In an unprecedented act of preservation among the thousands of accounts of survival during the Holocaust, shortly before she was deported, Annushka smuggled 113 of her family photographs out of the ghetto and into the safekeeping of a local Lithuanian woman, whose family kept them safe for almost 70 years, during which time Annushka's identity was lost and forgotten.

The International Centre for Litvak Photography's founder and former director, Richard Schofield, stumbled upon the photographs by accident in September 2013, an event that, with the help of a digital crowdsourcing campaign on social media and the inspired sleuthing of the Vilnius-based historian Saulė Valiūnaitė, not only revealed Annushka’s lost identity, but also made it possible to 'return' the photographs to the children of her surviving sister living in the United States, among them the international acclaimed Jewish scholar, and Annushka's nephew, David G. Roskies

The following links provide some background information relating to the Lost & Found exhibition, that ran at the Yeshiva University Museum in New York between October 2018 and April 2019. A short article providing an overview of the project can be found here

  • Click here to read an article in Moment magazine about the Lost & Found exhibition that ran at the Yeshiva University Museum in New York between October 2018 and April 2019
  • Click here watch two of the three short films that the International Centre for Litvak Photography made for the exhibition
  • Click here to view the photographs from the exhibition opening
  • Click here to view the photographs (with captions) that Richard discovered
  • Click here to listen to four recordings from the 1930s of Annushka and her choir 

Vardai

© 2018 Richard Schofield

Held on or around Lithuanian Holocaust Memorial Day on September 23, the annual Reading of the Names—or Vardai—event is a privately organised initiative during which the names of Lithuanian Holocaust victims are read out in the towns and villages in which they perished. Discovering that the event was of no interest to any of the 300,000 or so residents of Kaunas, in 2016 IC4LP  organised its first Vardai event inside the city’s former Gestapo headquarters, and continued to do so in different locations around Kaunas until 2019. Click here to see a small selection of photographs from the 2018 event, which was held as the site of the 1941 Lietūkis Garage Massacre.

Fifty Schools

In 2016, IC4LP received a number of invitations to visit several high schools in and around Kaunas to talk about its work.
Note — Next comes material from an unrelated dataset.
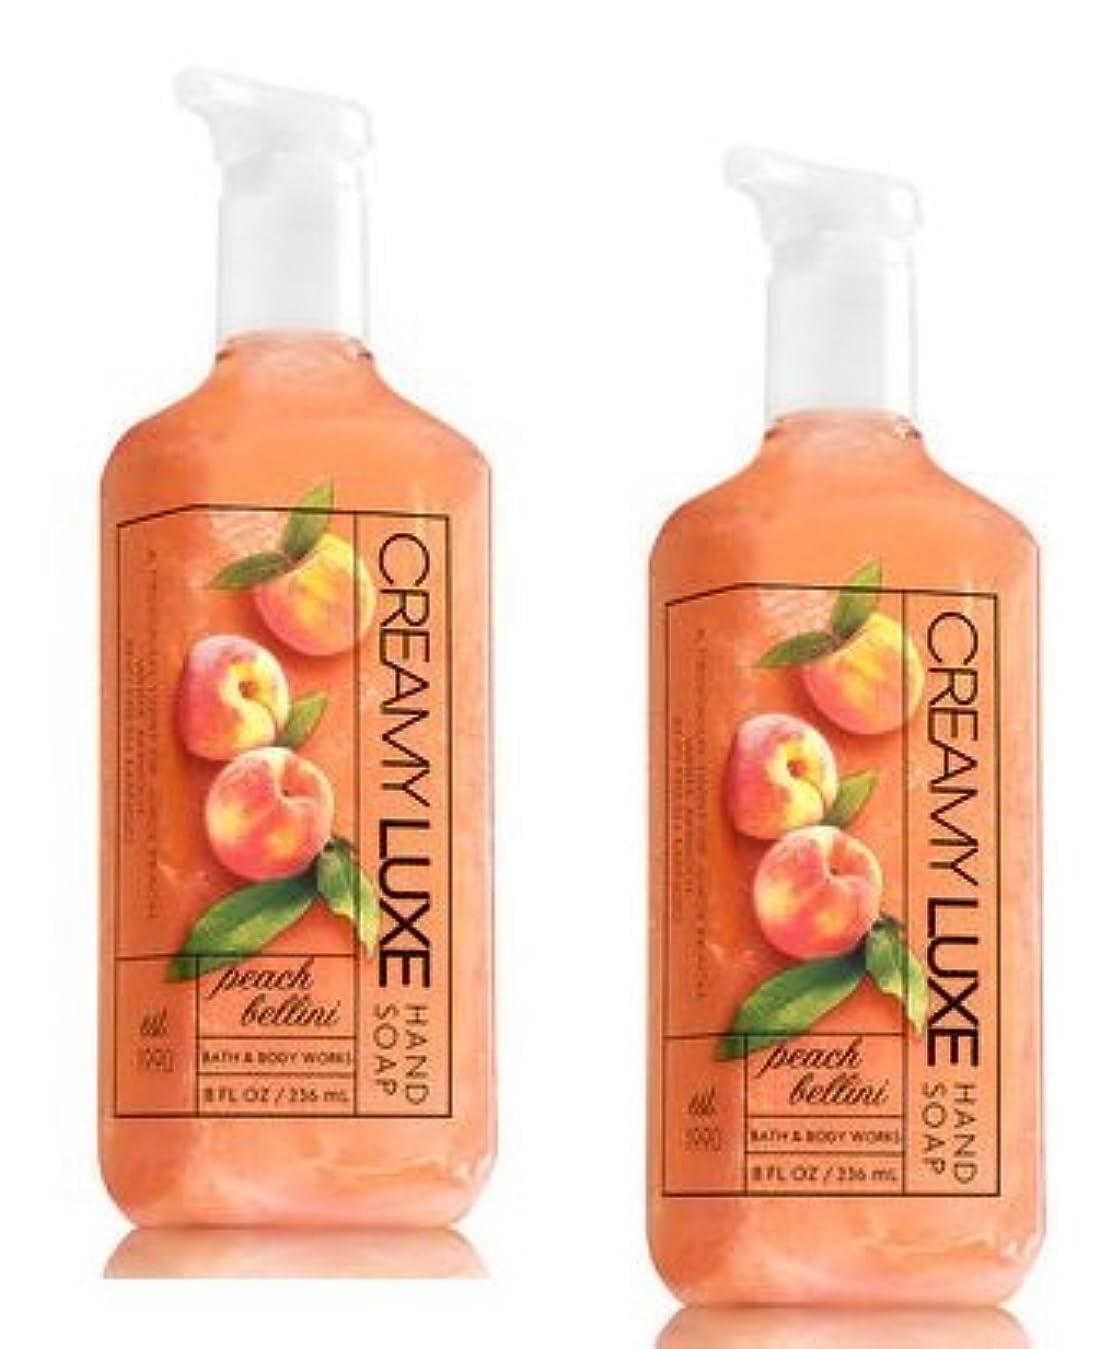 混沌クレーン加速度Bath & Body Works ピーチベリーニ クリーミー リュクス ハンドソープ 2本セット PEACH BELLINI Creamy Luxe Hand Soap. 8 oz 236ml [並行輸入品]

During these visits, it quickly became obvious that the vast majority of Lithuanian teenagers (not to mention a woefully large amount of their history teachers) know almost nothing about the life and culture of their grandparents’ former Jewish neighbours. And so, with financial support from the Good Will Foundation, in 2017 IC4LP launched Fifty Schools, an informal education project that, with the help of Mariana Sutkienė in Vilnius, visited dozens of high schools all over Lithuania to share its own experiences, to listen to what young Lithuanians had to say on the subject of Lithuanian Jewish history and to have open and honest discussions about the Holocaust in Lithuania.

L-R
Two students peer through a broken window at the abandoned former synagogue in Čekiškė
Mariana Sutkienė holds up a copy of The Last Bright Days during a visit to the Jewish cemetery in Kavarskas 
Richard Schofield talks to a group of high school students in Naujoji Vilnia

BJHSP

© 2019 Richard Schofield

Together with the University of Latvia's Centre for Judaic Studies, the Jews in Latvia Museum in Riga and Paideia in Stockholm, in July 2019 IC4LP piloted the so-called 'Challenging the Past' travelling summer school. With the help of 16 young participants from Latvia and Lithuania, the five-day trip from Riga to Kaunas included a total of 24 events and activities, including meetings, discussions, walking tours, workshops with a wide variety of locals working in the field of Jewish heritage and memory, visits to sites of cultural and historical importance, learning about (and eating) Jewish food, and, during the Friday evening of the journey, meeting with members of Kaunas' secular Jewish community during their weekly Shabbat celebration. After a three-year break due to the Covid pandemic, in July 2022 the project was expanded, including the addition of an online learning module to prepare the participants before they hit the road. Now called the Baltic Jewish Heritage Study Programme, or BJHSP, the organisers are currently raising the necessary money to do it for a third time. A copy of the original 2019 project report can be downloaded and read here.

Back to Shul

 
© Richard Schofield

Lithuania’s 100 or so surviving former synagogues are among a tiny handful of reminders of the country’s once large and diverse Jewish population, magnificent monuments of stone and wood that, not unlike the people that once prayed and studied in them, today lie neglected, abandoned and forgotten in towns, villages and cities from Alytus to Zarasai. In August 2017, Richard Schofield spent 12 days hitchhiking and travelling by public transport around the country, photographing the buildings with a cheap Latvian smartphone and writing about the experience for a short book. Although the book is no longer unavailable, a few memories from the project can still be found online, including David G. Roskies’ original Foreword, the 100 captioned photographs that were included in the e-book and an occasionally updated synagogue spreadsheet, complete with information concerning the current condition of each surviving building.

The Kaunas Requiem

© 2016 Mark Adam Harold

In December 2015, IC4LP commissioned the Ukrainian electronic musician and composer Anton Dehtiarov to write a theoretically endless piece of experimental music in memory of Annushka Varšavskienė. Known as The Kaunas Requiem, extracts from the piece were performed live over a week-long period inside an abandoned former synagogue in Kaunas that IC4LP rented in September 2016. Click here to listen to some of the music from the project.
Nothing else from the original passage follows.